So, will Pedro Sánchez's government finally fall? The circumstances are dire, but they can create illusions for those who act swiftly. Although it seems the ground is crumbling beneath his feet, Sánchez is a born survivor, and fear of the far right remains a driving force for votes. What is undeniable is that the Spanish government is weaker than ever, more dependent than ever on the votes of Catalan and Basque nationalists—among others—and that this dependence may no longer be merely tactical: some voices on the Spanish left are beginning to understand that there is no middle ground between the authoritarian right and the plurinational left.

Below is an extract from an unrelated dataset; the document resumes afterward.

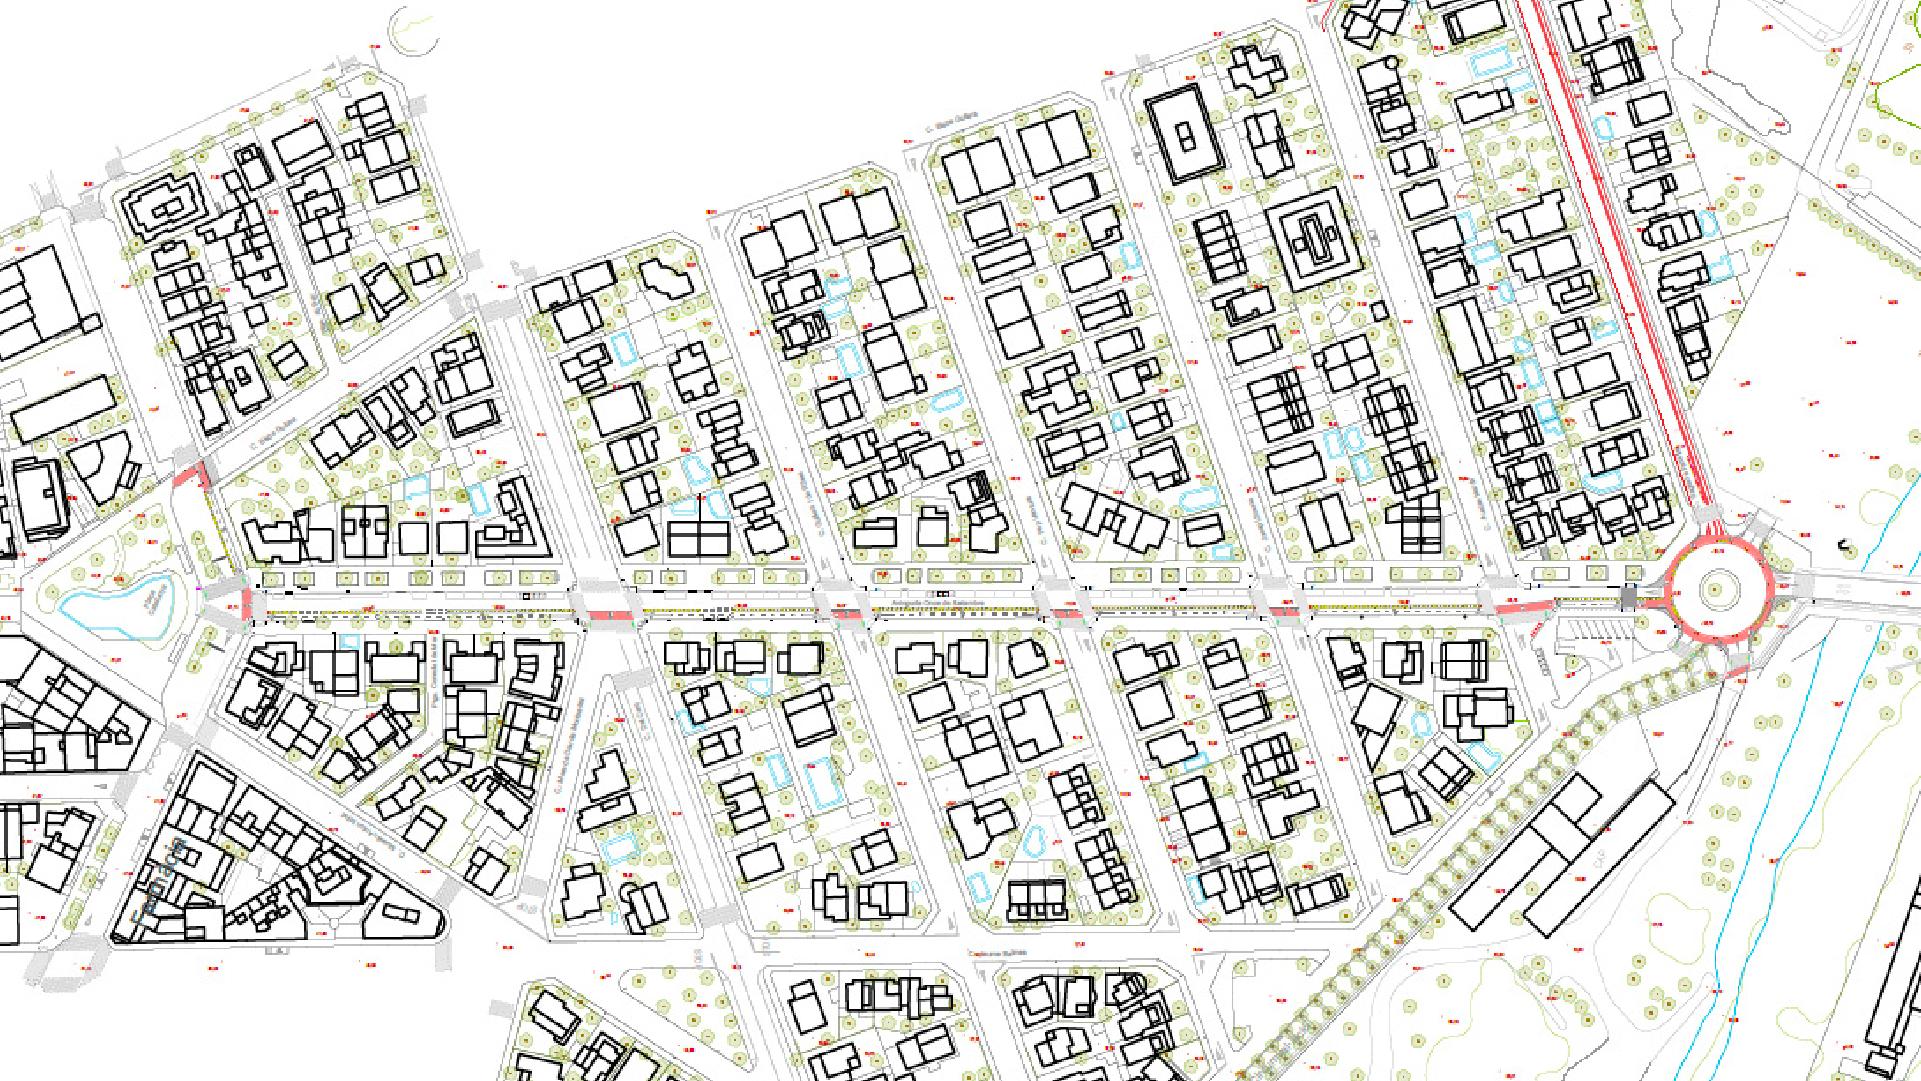 PE1811_PEX_StPereRibes_otos_Tipologies d'espai públic presents al barri copy

Iván Redondo has written that "amnesty, if it becomes a plurinational driving force, is the only instrument that could stop the authoritarian element in Spain that seeks to capture our democracy." Words words, Yes, but it's also a symptom. Some sectors of the Spanish left may have understood that it's time to take risks that years ago seemed unthinkable. Perhaps we're not yet ready for self-determination, nor for confederation, ultimate goals that the pro-independence movement shouldn't abandon. A constitutional reform isn't even advisable with the current balance of power in Congress. But we can take a leap forward in the national recognition of Catalonia and confront traditional taboos, such as its international presence (sports teams), its own tax system, or the preeminence of the Catalan language through an organic law that defuses the periodic attacks from the judiciary. If all this is done properly, it will be irreversible, even for a future PP government, and we'll be a few steps closer to the finish line.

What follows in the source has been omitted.